Читать «Неизвестный Олег Даль. Между жизнью и смертью» онлайн - страница 78

Александр Геннадьевич Иванов

Причём это не являлось предметом эротических восторгов, тем более в этой аудитории — далёкой от каких-то сексуальных моментов. Это не бывало предметом обсуждений, и, кстати, для Олега не характерны были разговоры на такого рода темы, тем более с оттенком пошлости. Это был совершенно не его жанр. А здесь было такое впечатление, что он хочет нам показать произведение искусства, как если бы, допустим, это была редкая книга или какая-то ваза. И в одержимости, в потребности показать это, он провёл не меньше двух часов. Он таскал нас по этажам, по коридорам, по каким-то номерам, по буфетам — в поисках Ани. Когда мы её нашли, всё кончилось тем, что он попросил её поднять блузку (причём это было тоже в пределах абсолютной пристойности) и, как мастер, создавший что-то сам, с гордостью сказал:

— Вы видите?!

После чего мгновенно утратил к этому интерес. И дело даже не в Анином животе, как я понимаю. Не было бы его — возникло что-то ещё… Повод мог быть самым ничтожным — от невозможности находиться в статическом положении.

У него не было потребности вести беседу, не было потребности в обмене какими-то проблемами или чем-то, что его бы терзало, а было нечто иррациональное, помимо его воли гонящее вперёд и вперёд. Поэтому все приезды «Современника» и периоды общения в моменты прихода Олега в дом обычно были связаны с тем, что мы или куда-то ехали, или кого-то привозили, или должны были куда-то из дома в дом его везти. Причём великого смысла в этой смене крыш и застолий не было. Это было не важно, но его какой-то «огонь сжирающий» бередил.

Вообще он был человеком очень жёстким. У меня создавалось такое ощущение, что ему были совершенно чужды какие-то сентиментальные моменты. Не могу сказать, что он был циником, что в моём восприятии вообще характерно для актёрских кругов, — отнюдь. И к откровенным беседам он склонен не был. Но вот в такого рода компаниях, когда это был некий конгломерат людей, с которыми он как бы состоял, ну, если не в дружеских, то в приятельских отношениях, потребности в беседах по проблемам, его волнующим и т. д., не было.

Единственный подобный разговор состоялся однажды. Не помню его сути, но запомнила его той интересностью, что Олег вообще говорил о чём-то. Это было, когда он только что сыграл шута в «Лире» и Козинцев только что закончил фильм, а мы его только что посмотрели. И так вышло, что Даль был в Ленинграде, и они с Лизой пришли к нам.

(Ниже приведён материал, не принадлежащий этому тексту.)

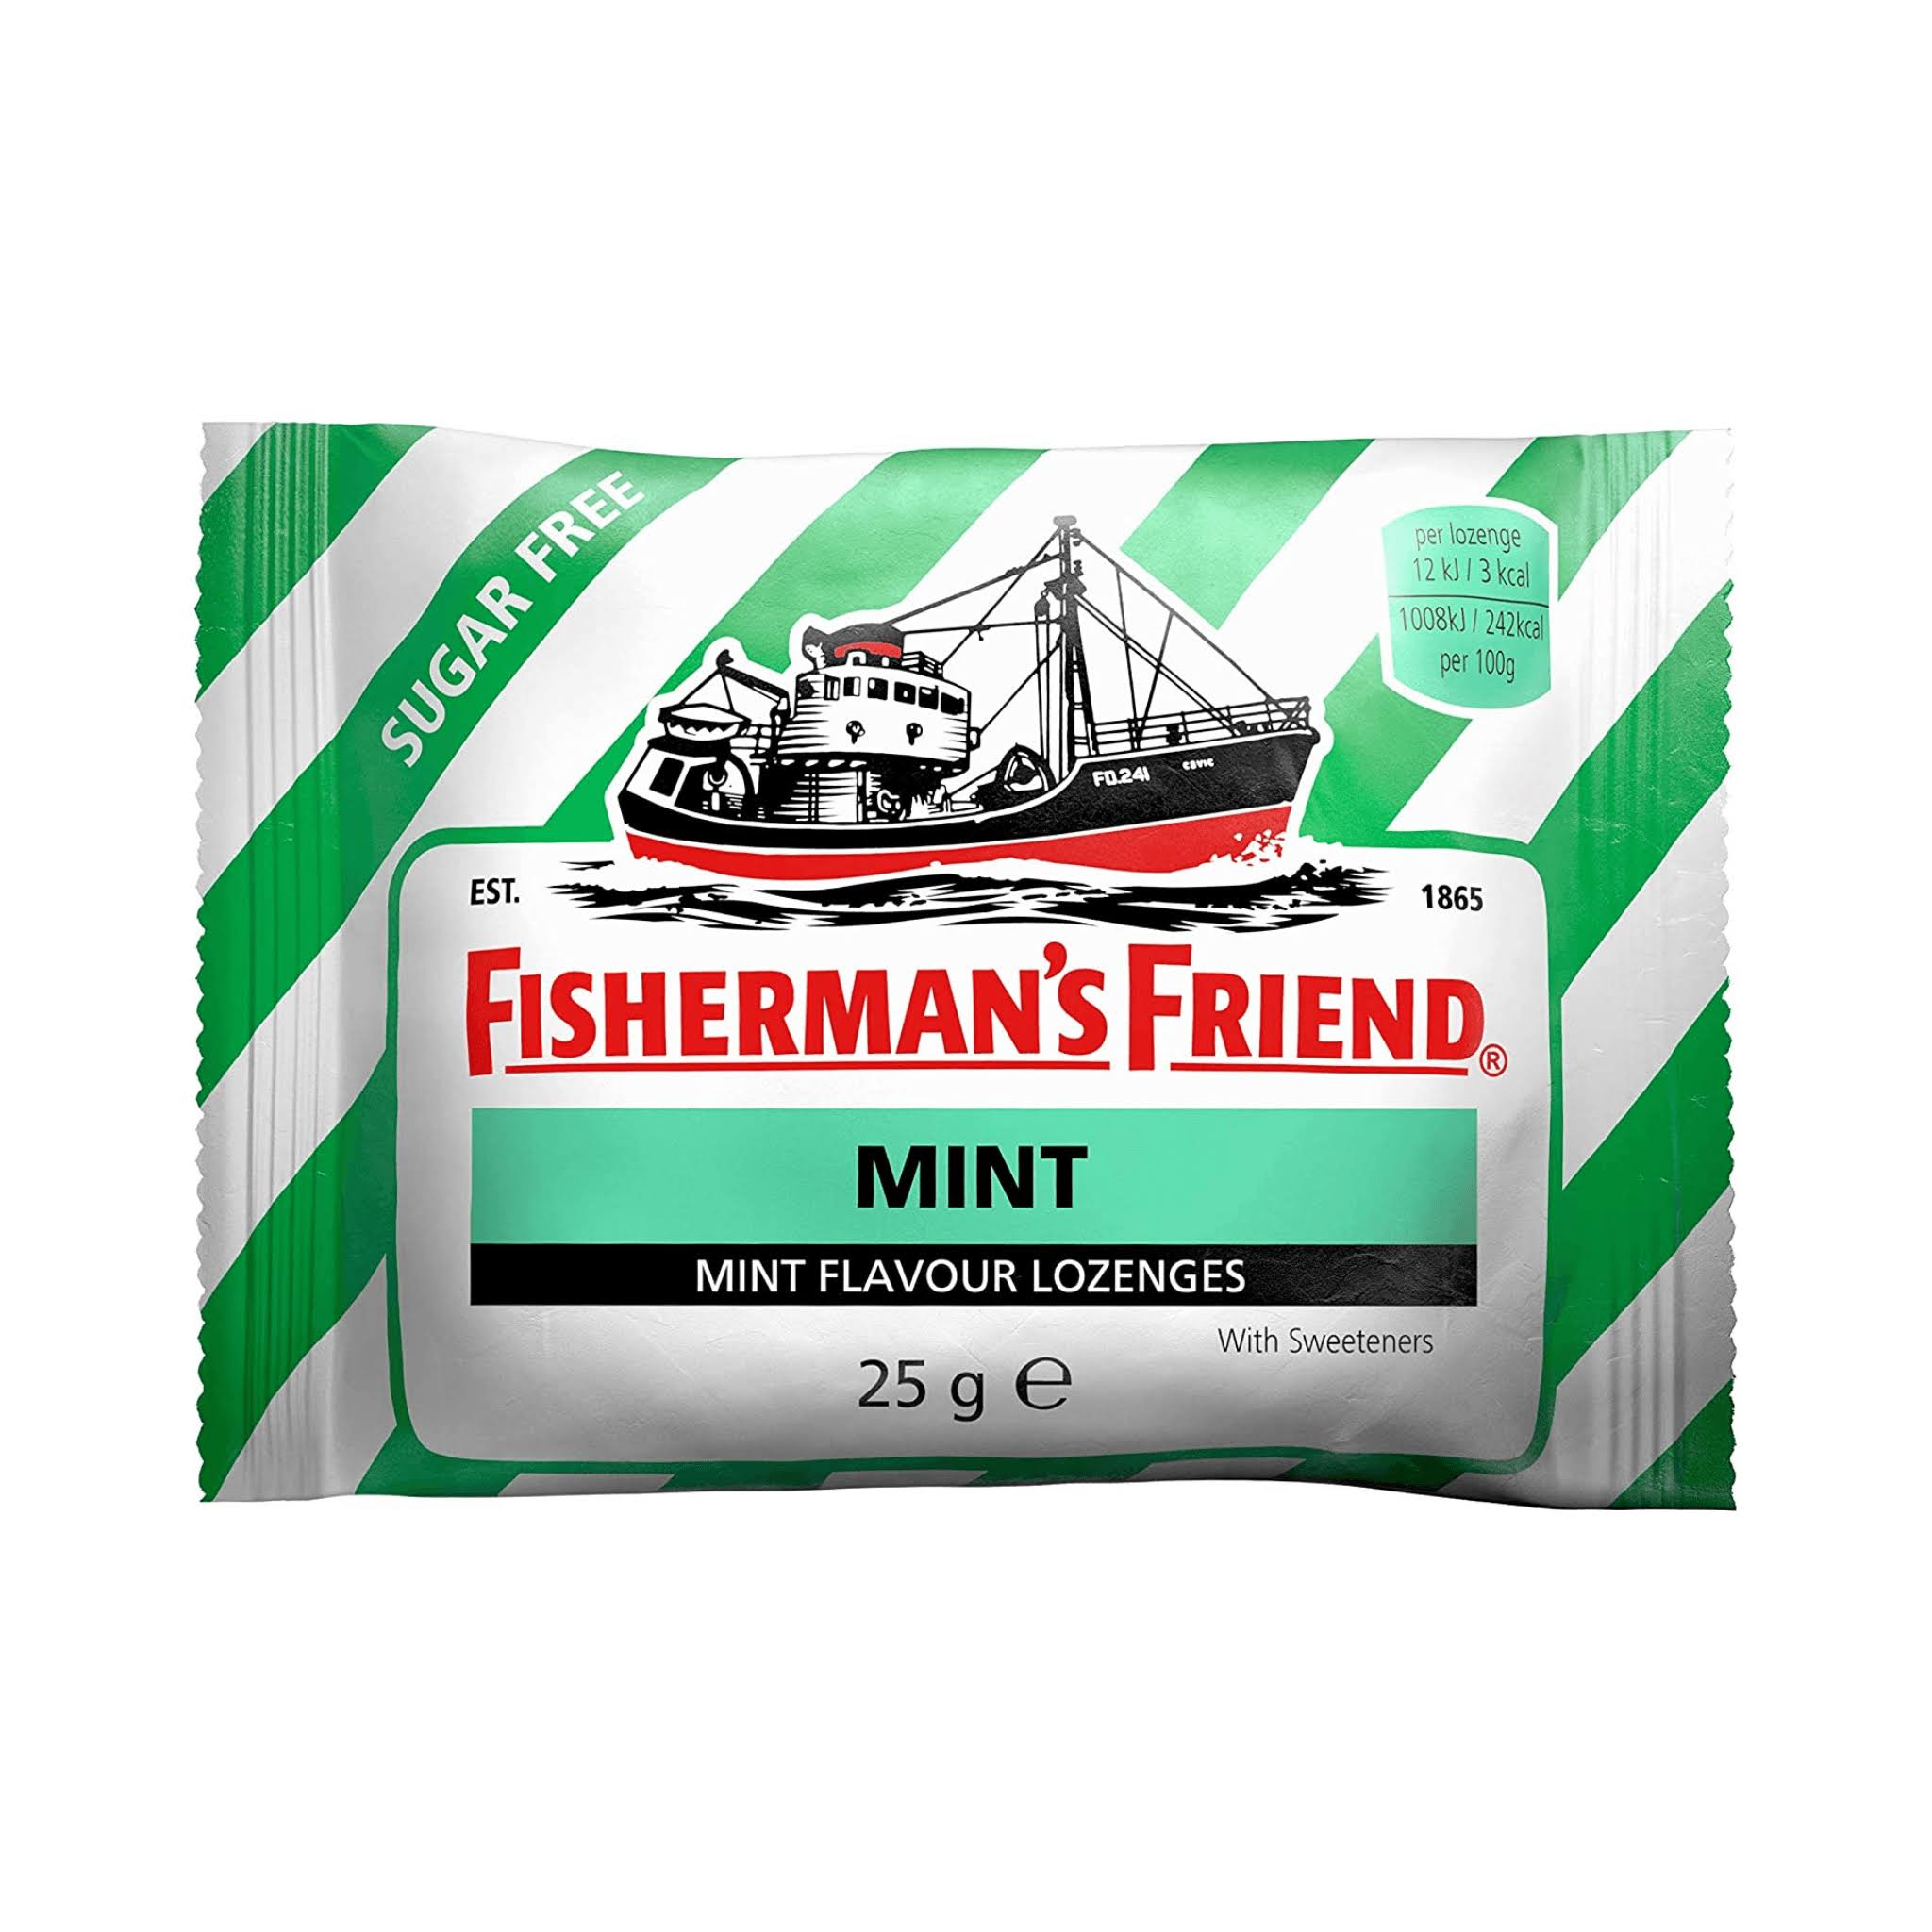 Fisherman's Friend Lozenges - 25g, Mint Flavour

И вот, на этапе, когда он уже был чуть-чуть нетрезв, но ещё не впал в состояние неистовства, этот короткий разговор произошёл. И впервые я поняла, что есть какие-то проблемы, которые его терзают, и вообще существует потребность иногда о чём-то говорить, но это было чрезвычайно коротко.

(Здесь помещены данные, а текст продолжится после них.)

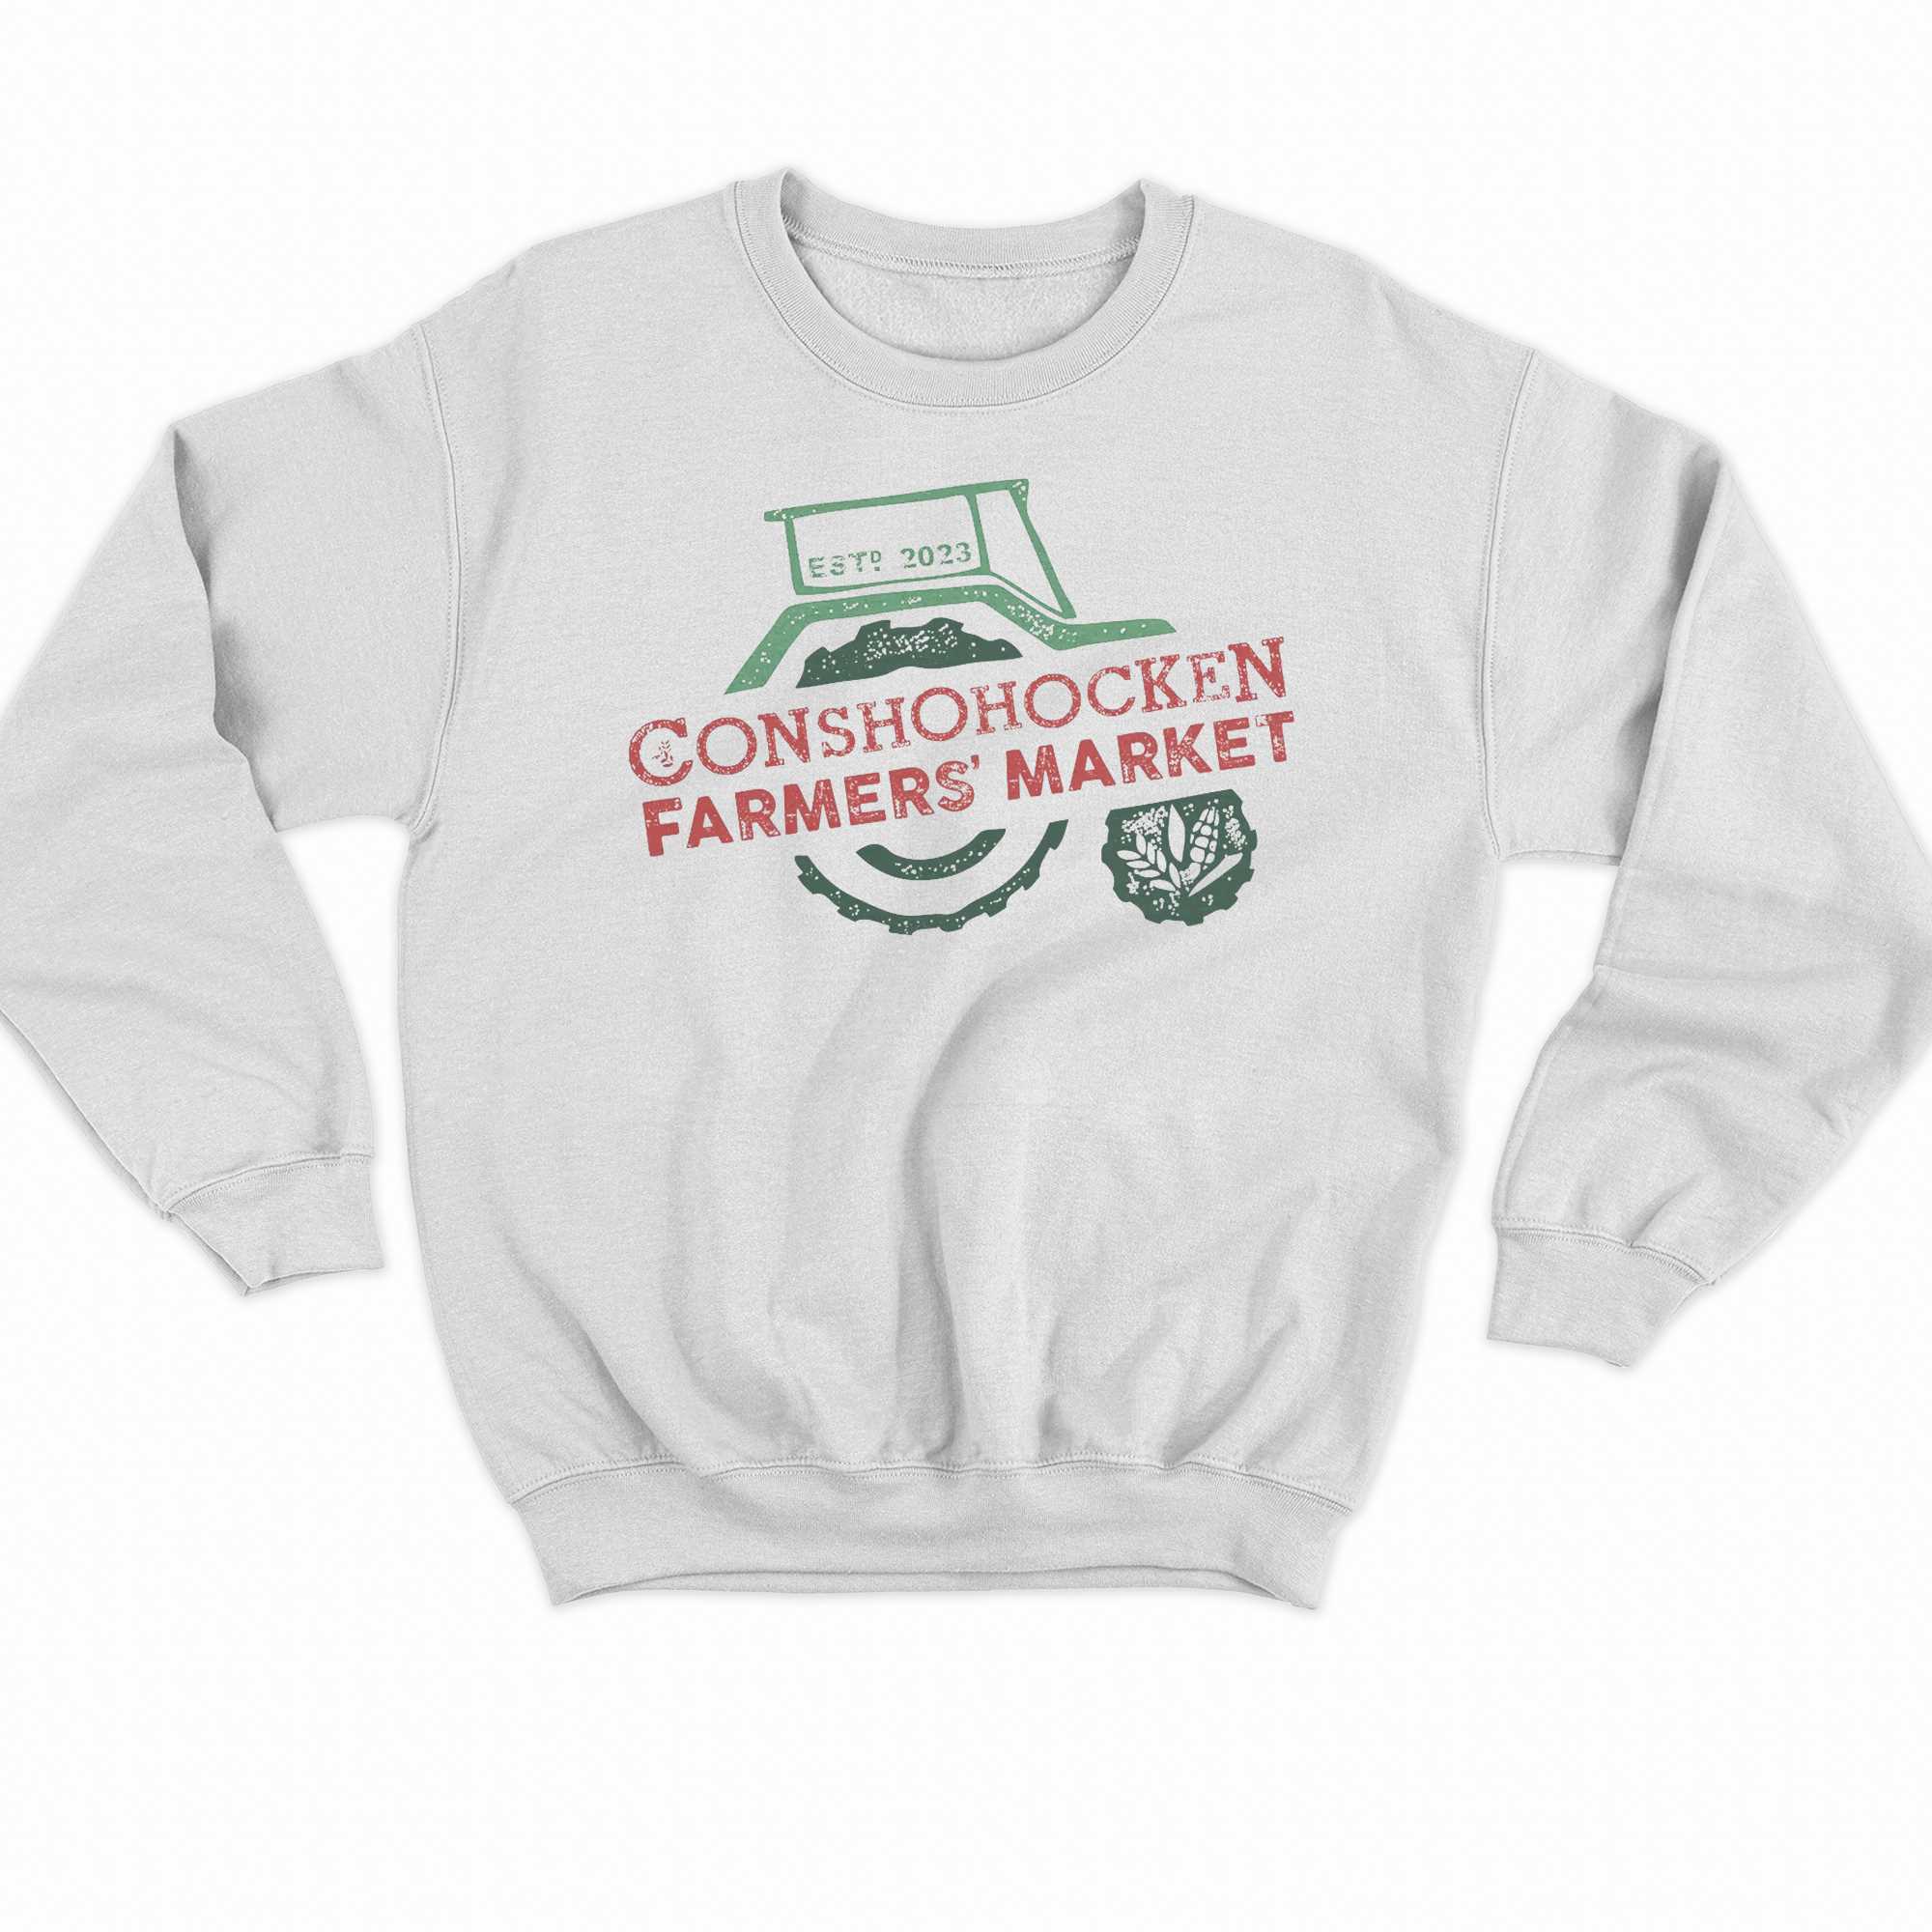 Conshohocken Farmers Market T-shirt

Ощущение его жёсткости, отсутствия потребности в человеческом общении особенно бросалось тогда в глаза. Как контраст. Это же был период шестидесятых годов — бесконечных кухонных застолий, суть которых сводилась к постоянным поискам смысла жизни, терзаниям тем, как всё происходит — так или не так? И, пожалуй, это было источником самой большой радости для всех нас, потому что мы все впервые друг для друга раскрылись.